According to Bloomberg, the latest funding brings Etched’s reported forward-order book to roughly $1 billion in committed customer purchases, a figure that would have been unthinkable for a chip startup at this stage just two years ago. The company says it expects first silicon to sample with select customers in the fourth quarter of this year, with volume shipments beginning in early 2027.
Why a locked architecture matters
The pitch behind Etched’s bet is that the AI workload has converged. Most of the meaningful progress in model capability over the past three years has come from variations on the transformer architecture, and that convergence has created an opening for silicon that optimizes for one workload rather than trying to be flexible across many. General-purpose GPUs excel at flexibility, but they pay a steep efficiency tax when workloads are predictable.
Etched claims that by stripping out the flexibility, its chip can run the target architecture at multiple times the tokens-per-second of comparable GPUs while drawing a fraction of the power. The numbers are aggressive enough that several large customers have reportedly placed non-binding reservations just to lock in early access, even before production silicon has been demonstrated to external evaluators.
The investor lineup
The composition of the round is itself a signal. Jane Street, the algorithmic trading firm, has emerged as one of the most active strategic investors in AI infrastructure, with stakes in several chip companies and model labs. Its presence in the Etched round suggests a view that the economics of AI compute are about to bifurcate, with general-purpose providers competing on flexibility and specialized providers competing on unit economics.
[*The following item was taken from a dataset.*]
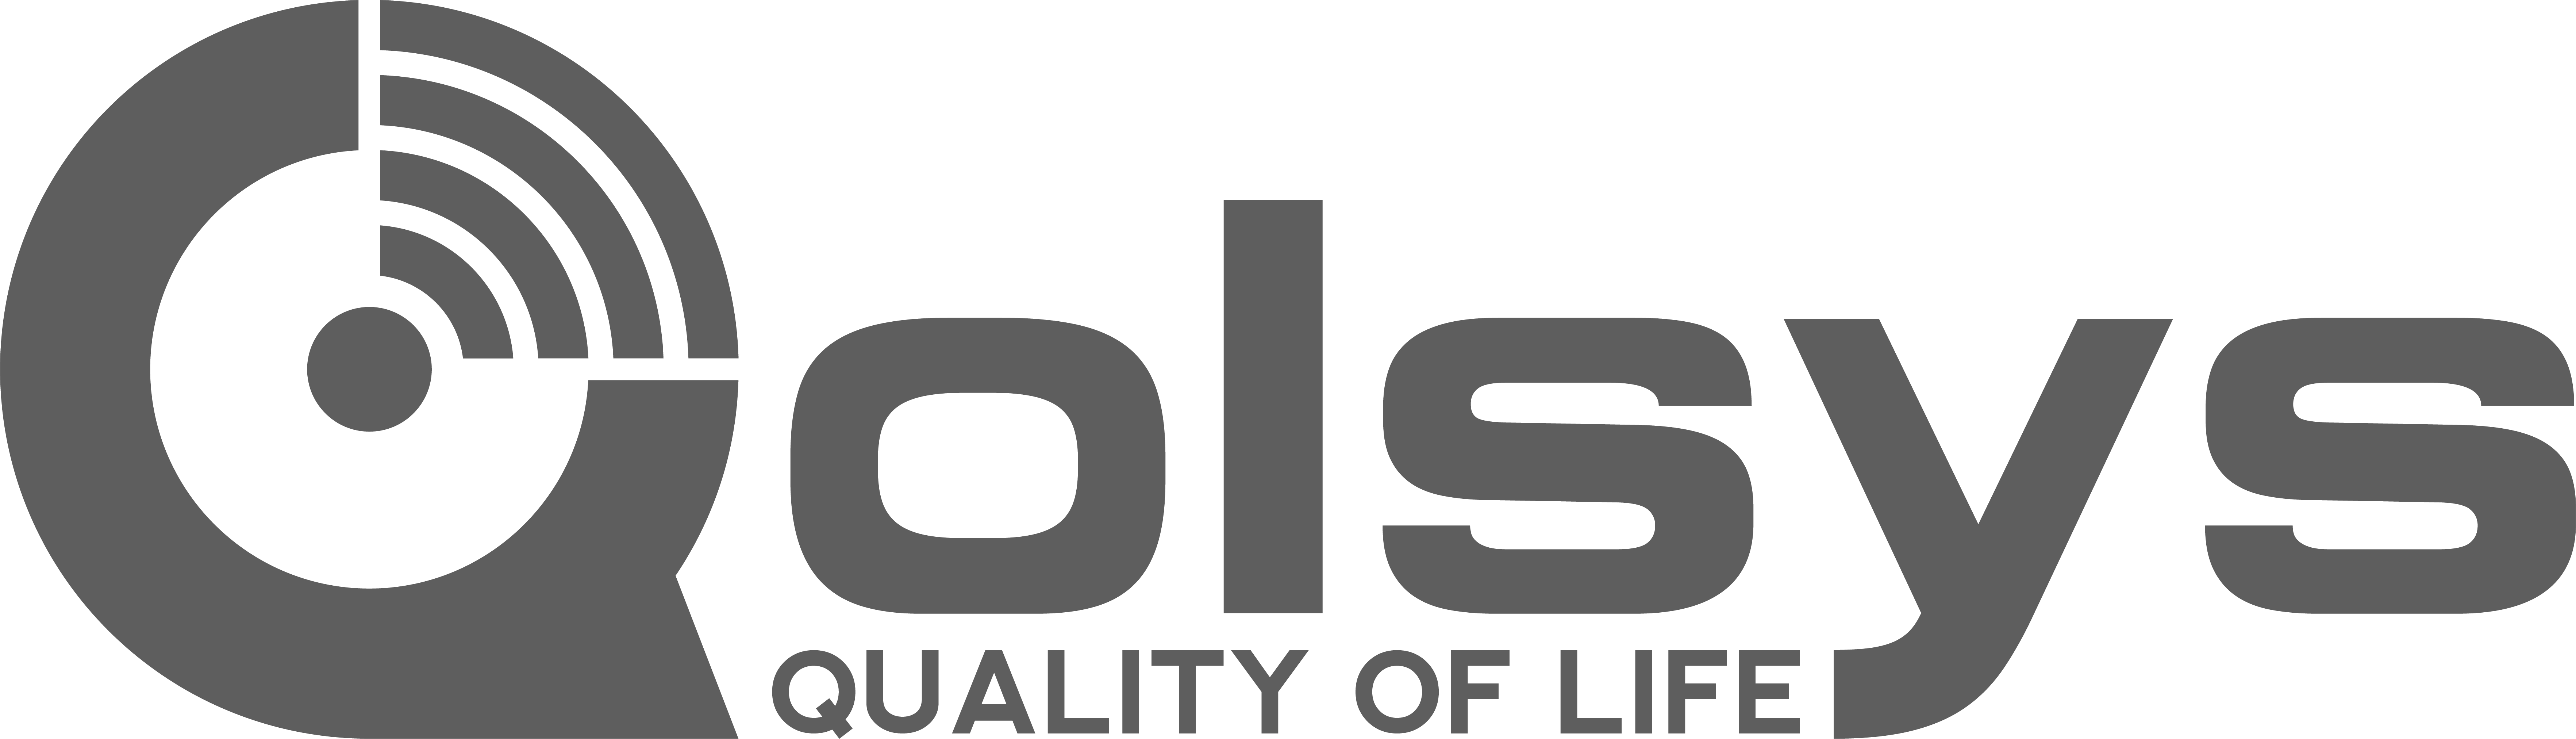 Qolsys-Logo-Grey-large

The TSMC-affiliated venture arm’s participation is perhaps more telling. TSMC manufactures the vast majority of advanced AI chips today, and its venture investments tend to track where the company believes future wafer demand will go. A TSMC-linked bet on a locked-architecture startup is a quiet signal that the foundry sees room in its roadmap for high-volume specialty designs alongside the dominant GPU business.
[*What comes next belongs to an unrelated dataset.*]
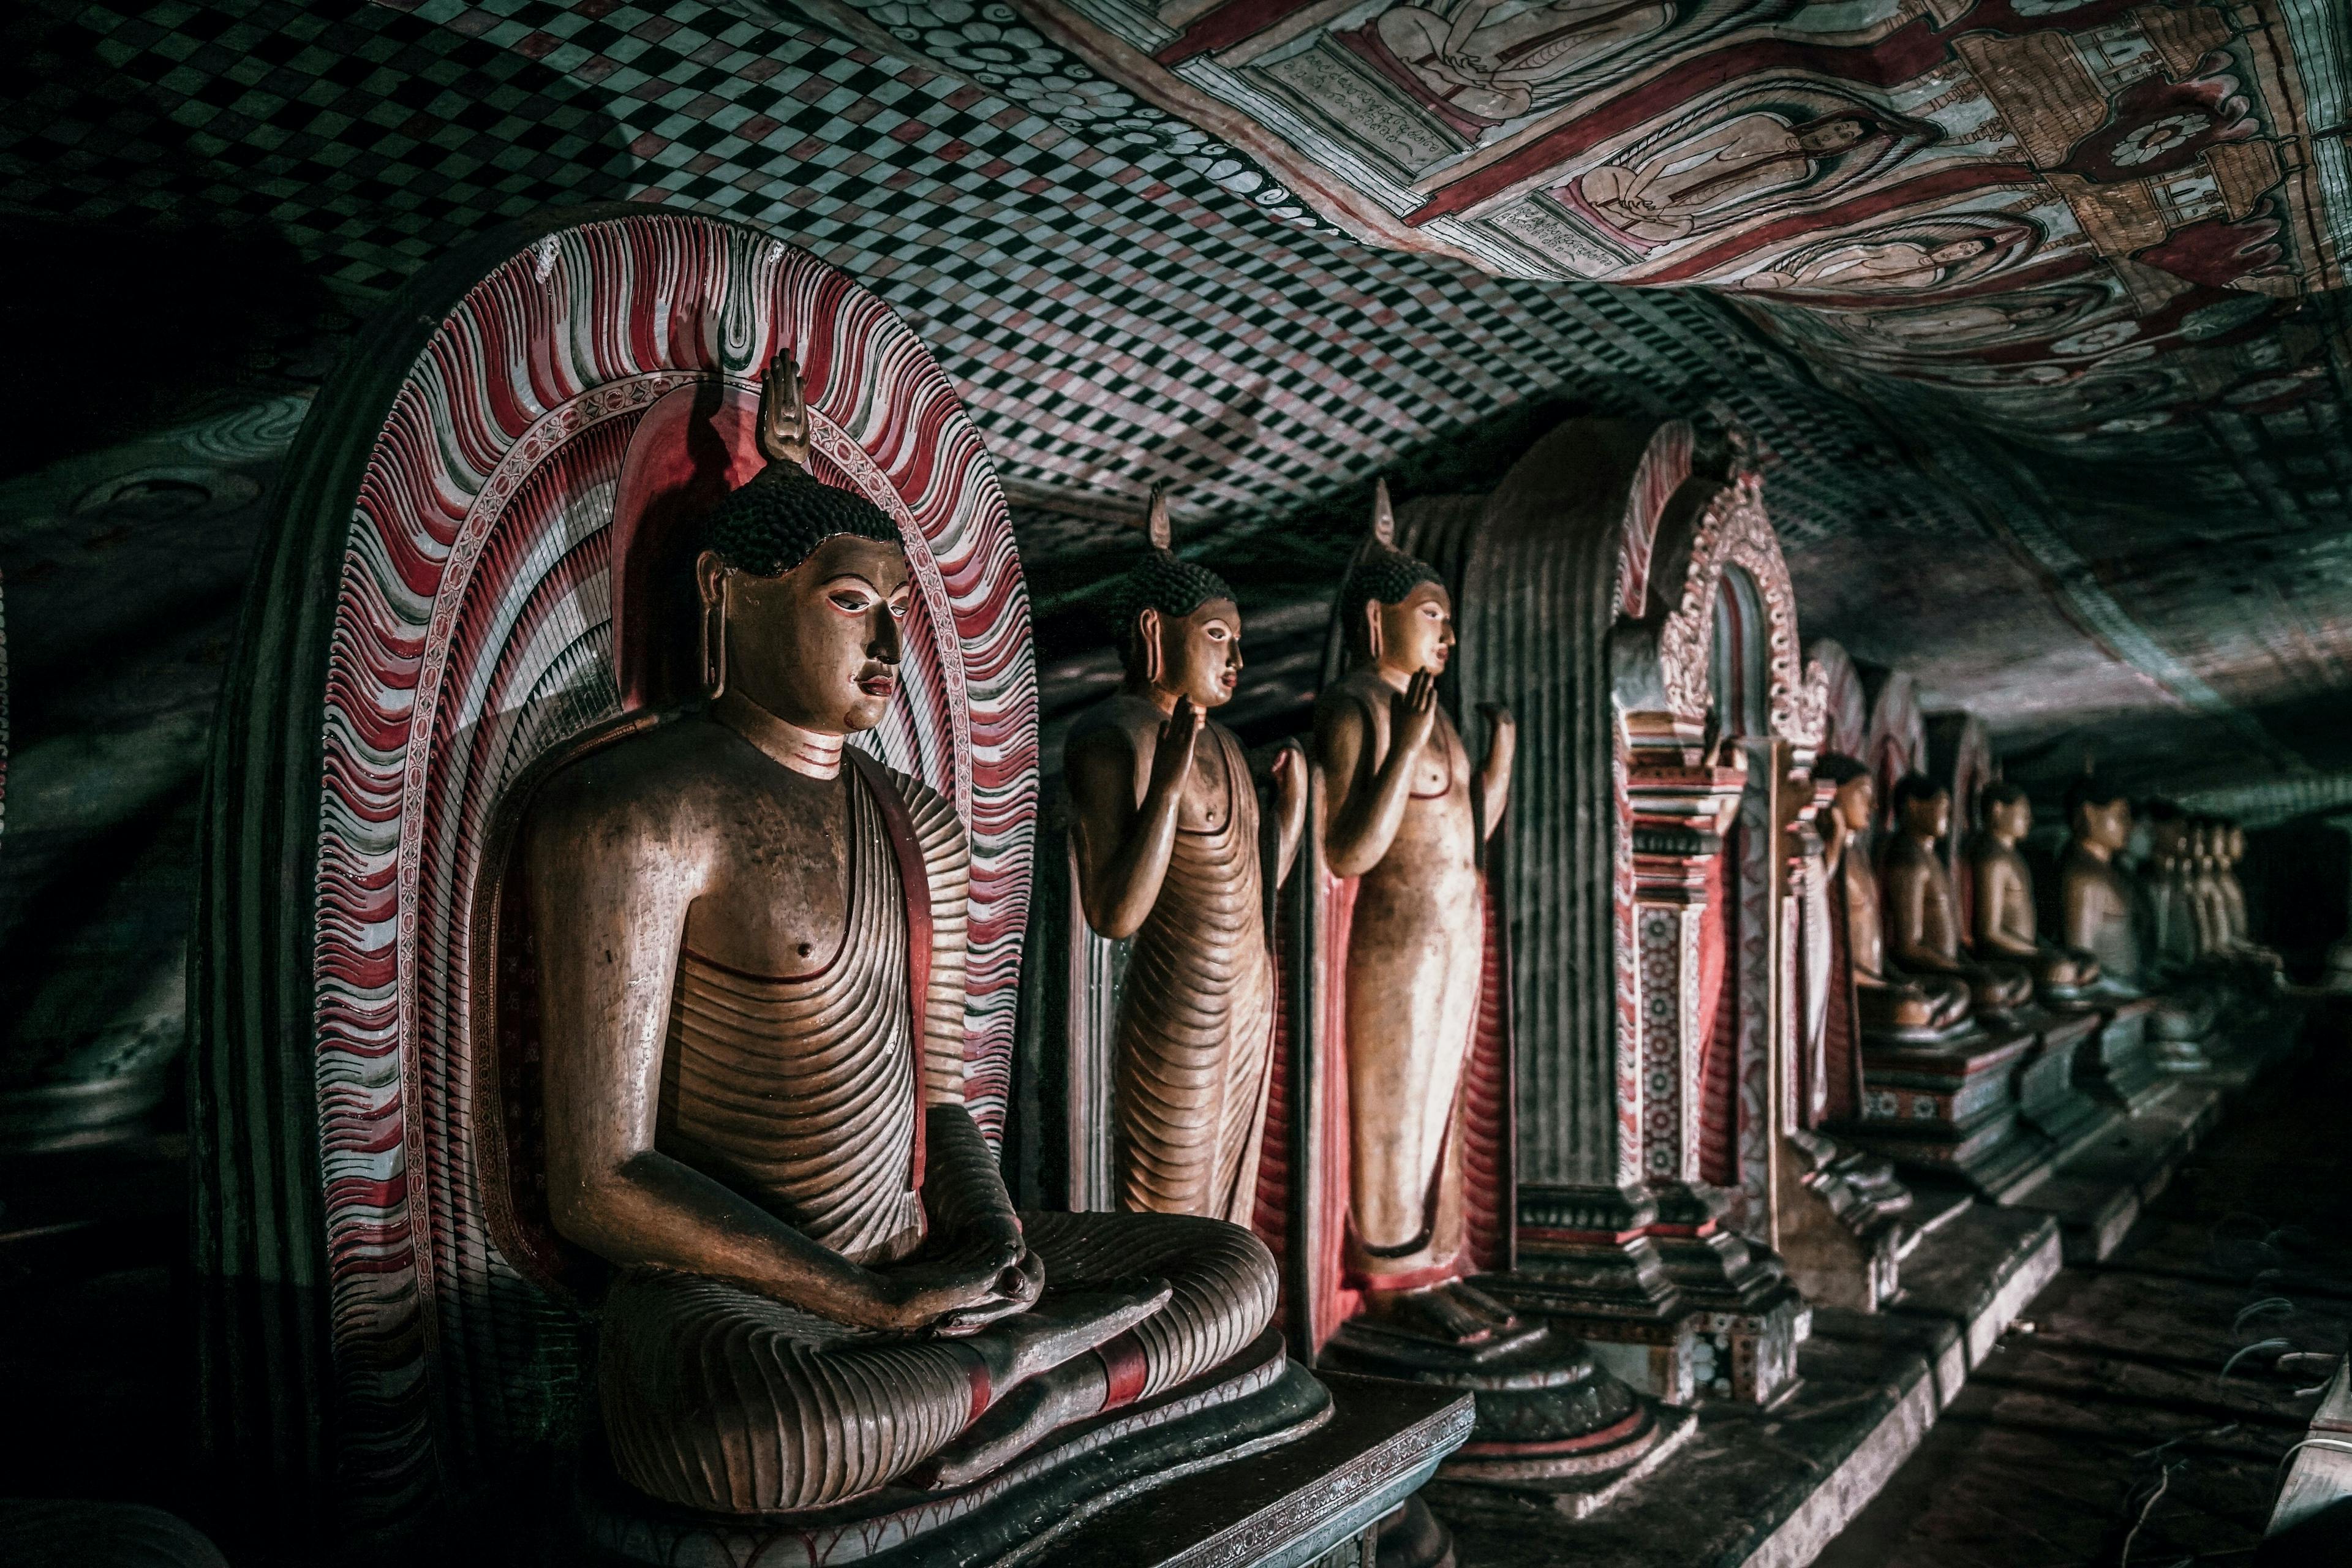 Numerous Buddhas in Dambulla Cave Temple in Sri Lanka.

“Specialty silicon is no longer a curiosity. It is a category. The same way that ARM processors coexisted with x86 in the data center, we expect to see a tier of purpose-built AI chips that don’t try to be GPUs at all.”
Competitive landscape
Etched is not the only company pursuing a specialized-silicon strategy. Cerebras, Groq, SambaNova, and a long tail of well-funded startups have all made similar arguments, and several have already shipped production hardware. The difference Etched is betting on is the depth of the lock-in: most competitors retain the ability to run multiple model architectures with varying degrees of efficiency, while Etched has explicitly given up that flexibility in exchange for extreme performance on the target workload.
The bull case is that this trade-off becomes more attractive as model architectures stabilize. If the transformer family remains dominant for the foreseeable future, customers have an economic incentive to buy the chip that runs transformers best, even if it cannot run anything else. The bear case is that the next architectural shift, whatever form it takes, will leave locked-architecture chips stranded with the wrong workload hardwired in.
What customers are signing up for
Etched’s reported customer pipeline includes a mix of large model labs, inference providers, and at least one major cloud platform. The company has been deliberately quiet about specific names, in part because some of its largest reservations are still conditional on silicon performance meeting published targets. The funding round gives the company enough runway to absorb the cost of any early silicon revisions without renegotiating customer contracts.
For the broader AI infrastructure market, the Etched round is the latest data point in a story that has been building for two years: general-purpose GPUs are not the only game in town, and the economics of running frontier models at scale are starting to favor purpose-built hardware for specific deployment profiles. Whether Etched becomes the leading example of that trend or merely an early one will depend on how the next twelve months of silicon and software development unfold.
For now, the company has the capital, the manufacturing partner, and a customer pipeline large enough to validate the business model in principle. The hard part, as always with chip companies, is execution.